## [Information provided]
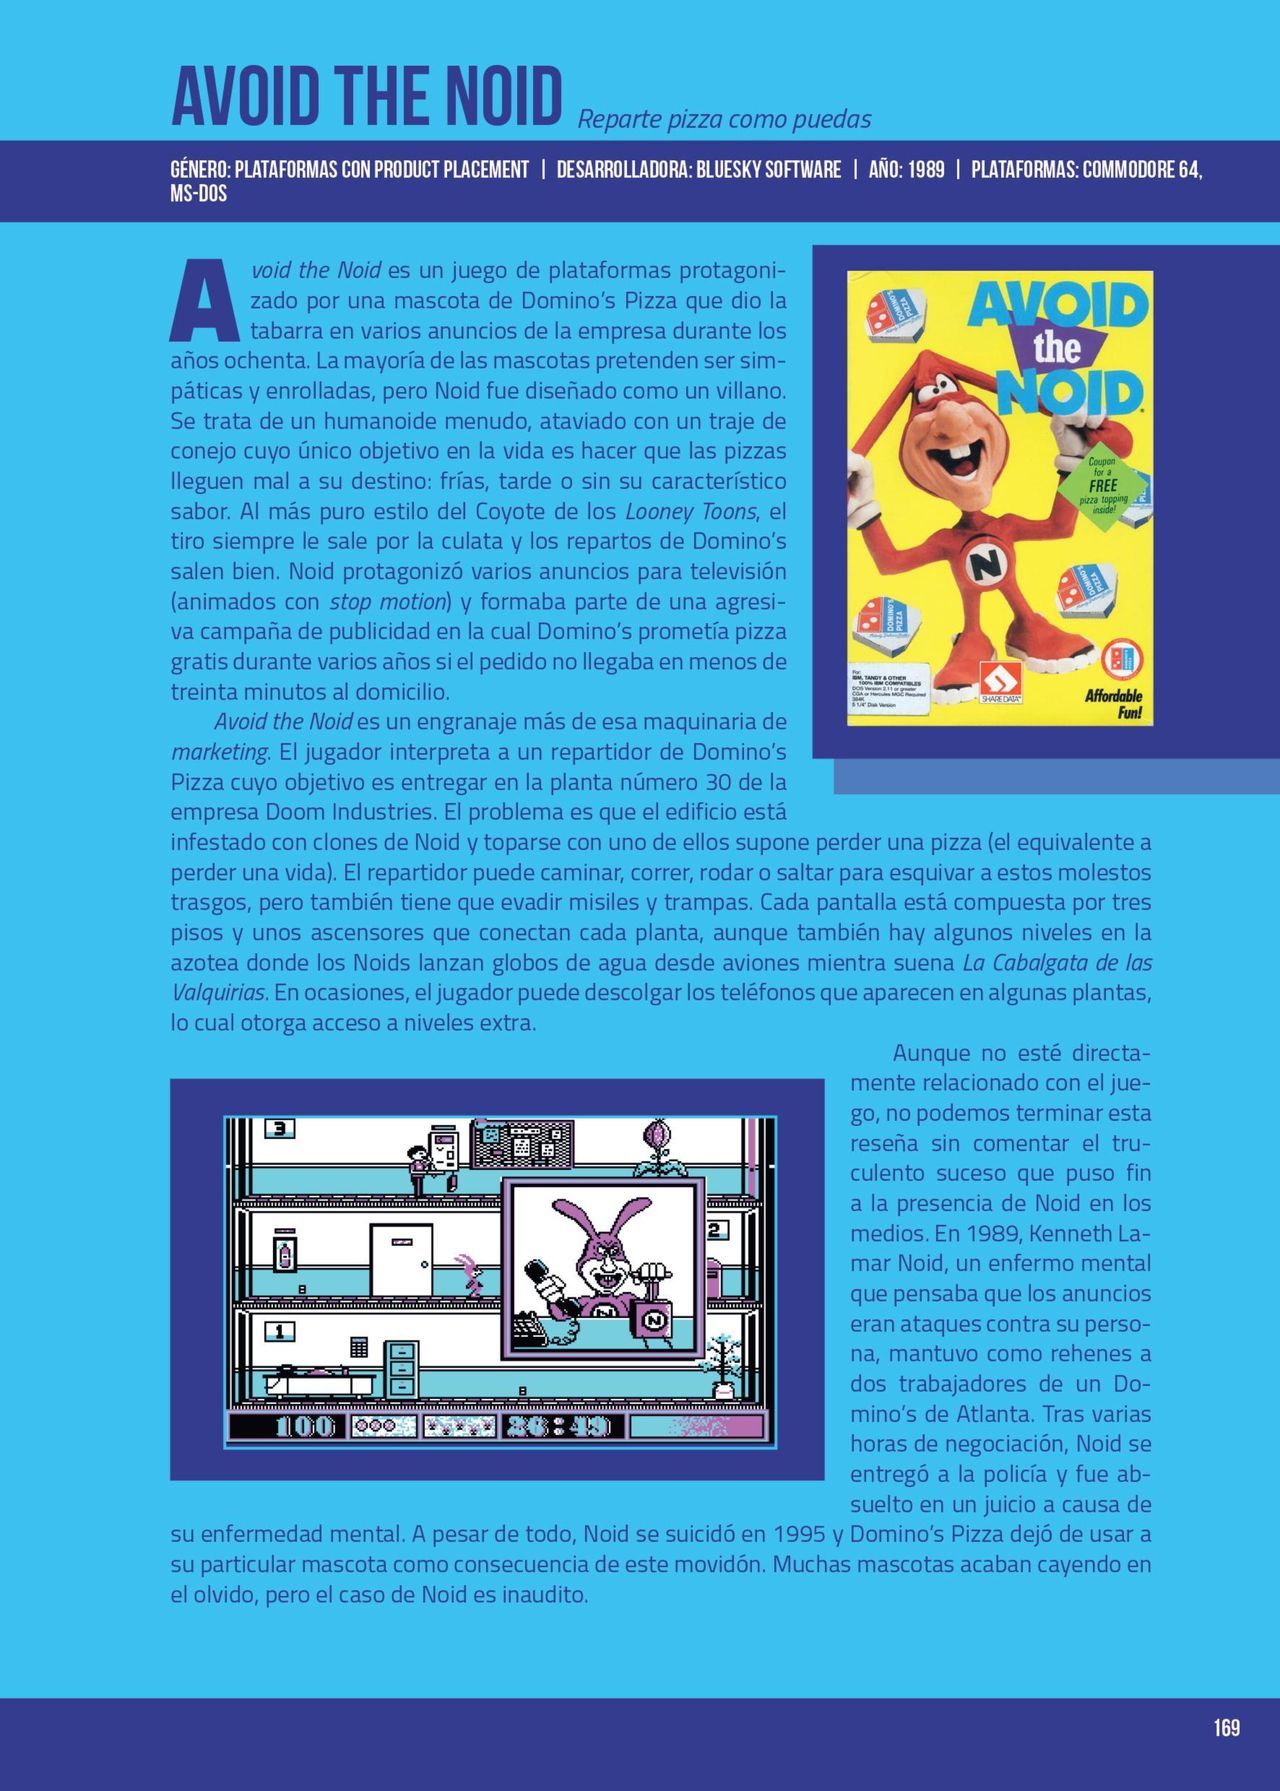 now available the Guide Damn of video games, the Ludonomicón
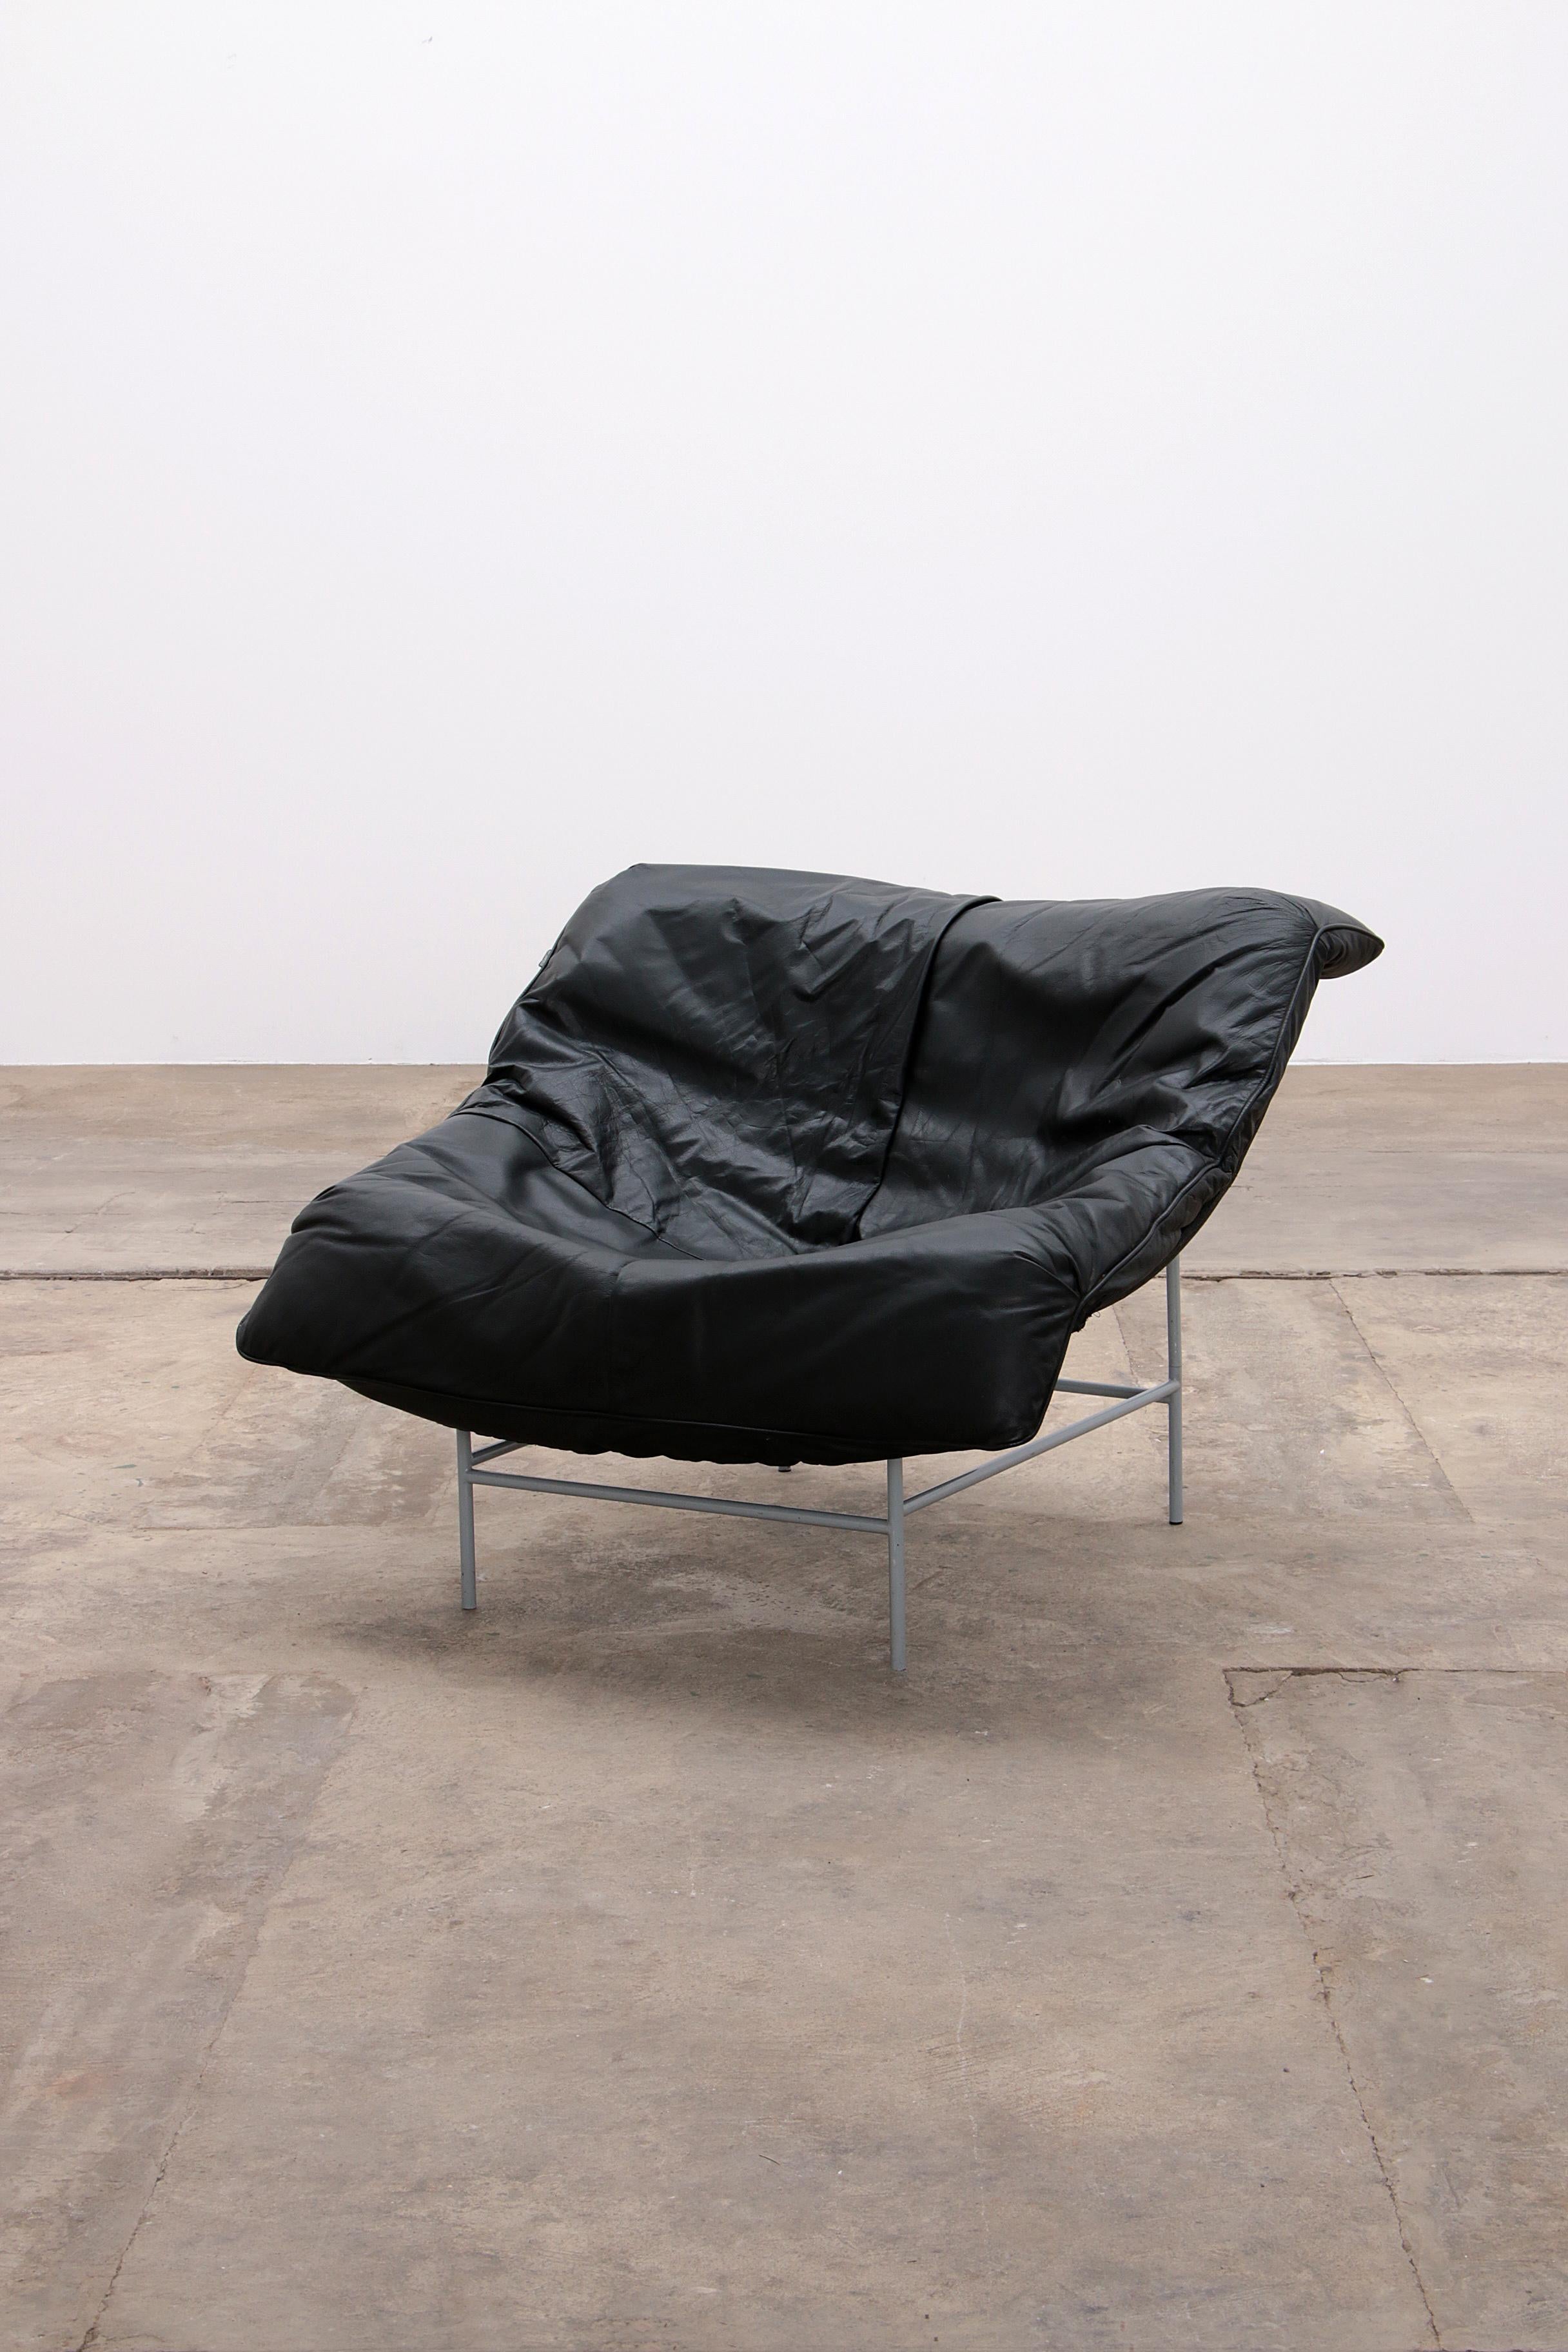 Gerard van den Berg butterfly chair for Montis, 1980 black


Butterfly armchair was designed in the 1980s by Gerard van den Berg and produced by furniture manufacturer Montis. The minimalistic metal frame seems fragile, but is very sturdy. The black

## [What the task asks]
A word-for-word copy of all the data is required, minus the pictures.

## [Reply]
 now available the Guide Damn of video games, the Ludonomicón
 Gerard van den Berg butterfly chair for Montis, 1980 black


Butterfly armchair was designed in the 1980s by Gerard van den Berg and produced by furniture manufacturer Montis. The minimalistic metal frame seems fragile, but is very sturdy. The black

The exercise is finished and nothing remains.